Problem requirements. Copy the records below exactly, starting at the line that contains "DINO-MITE!! T-Rex vs." and ending at the line that contains "#dinosaurcake #trexcake #everythingiscake"; leave out any pictures.

#### Given data

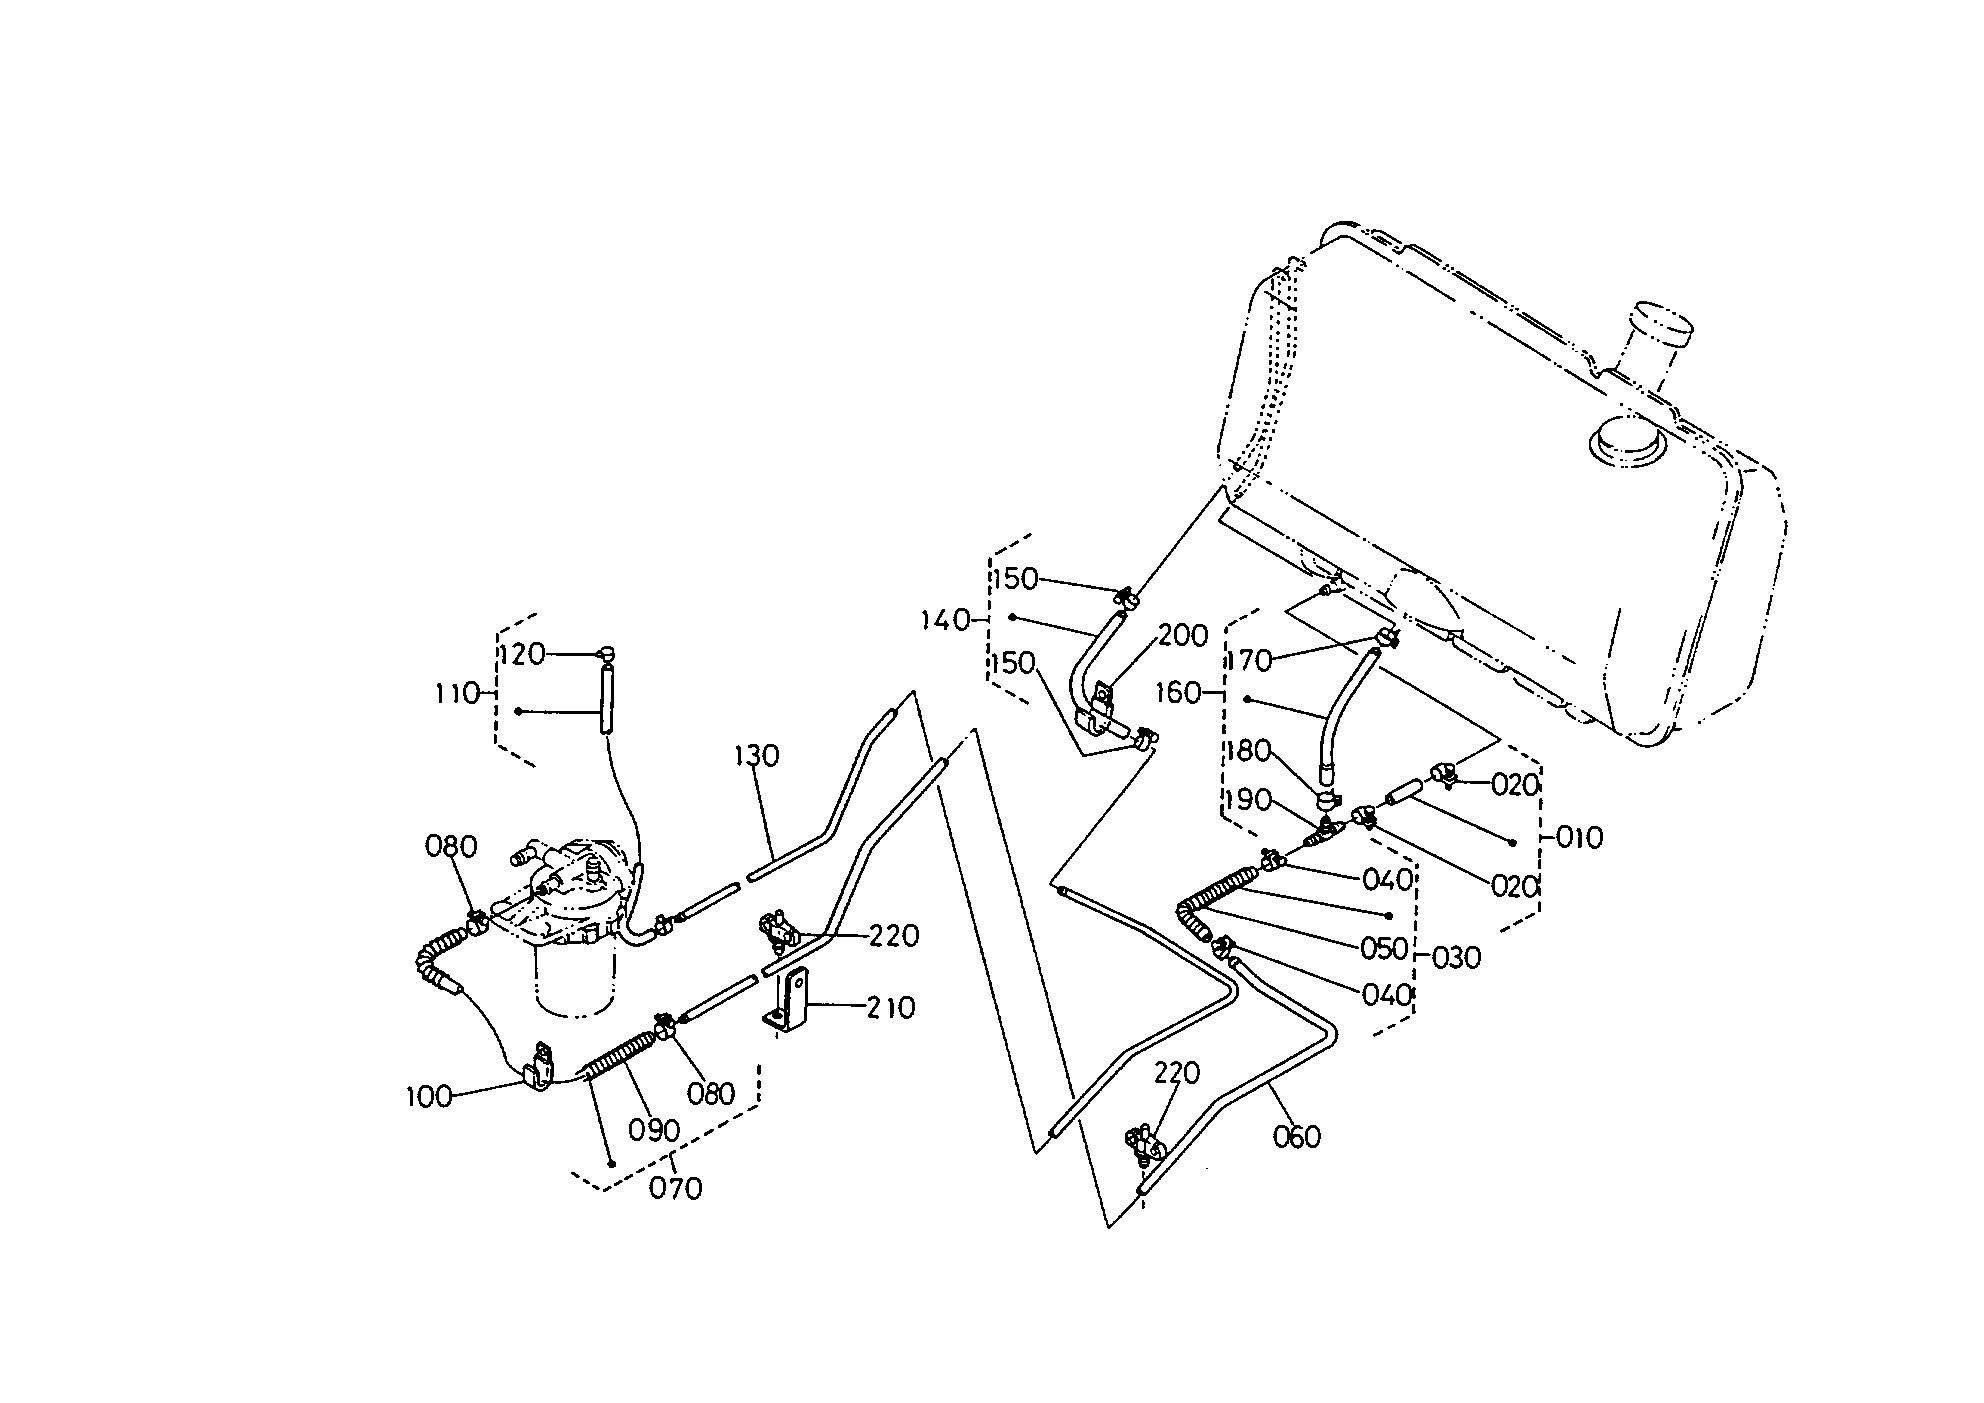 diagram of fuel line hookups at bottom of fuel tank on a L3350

########
#### Given data

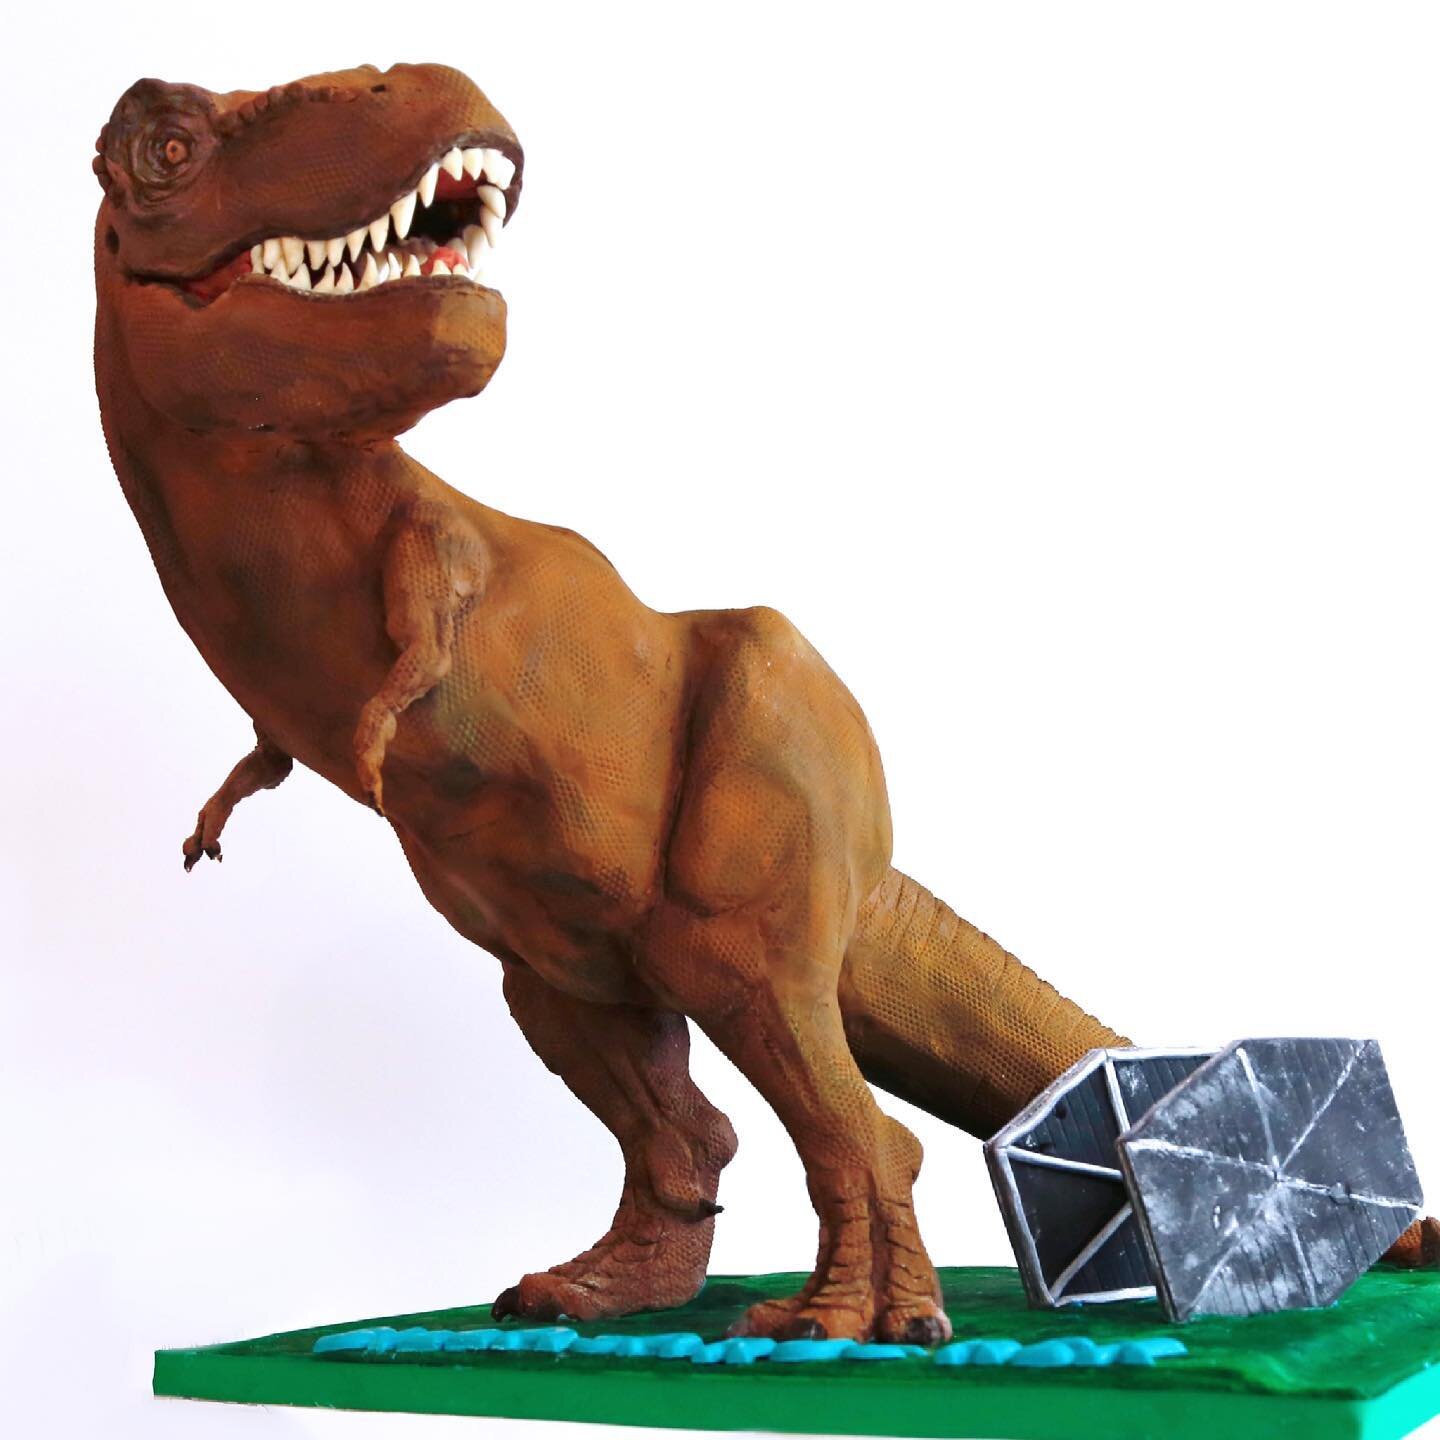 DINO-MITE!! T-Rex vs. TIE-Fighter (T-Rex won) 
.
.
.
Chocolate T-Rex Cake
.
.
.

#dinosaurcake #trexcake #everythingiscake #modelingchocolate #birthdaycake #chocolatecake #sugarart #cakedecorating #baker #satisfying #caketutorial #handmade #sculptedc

########

Task answer.
 DINO-MITE!! T-Rex vs. TIE-Fighter (T-Rex won) 
.
.
.
Chocolate T-Rex Cake
.
.
.

#dinosaurcake #trexcake #everythingiscake #modelingchocolate #birthdaycake #chocolatecake #sugarart #cakedecorating #baker #satisfying #caketutorial #handmade #sculptedc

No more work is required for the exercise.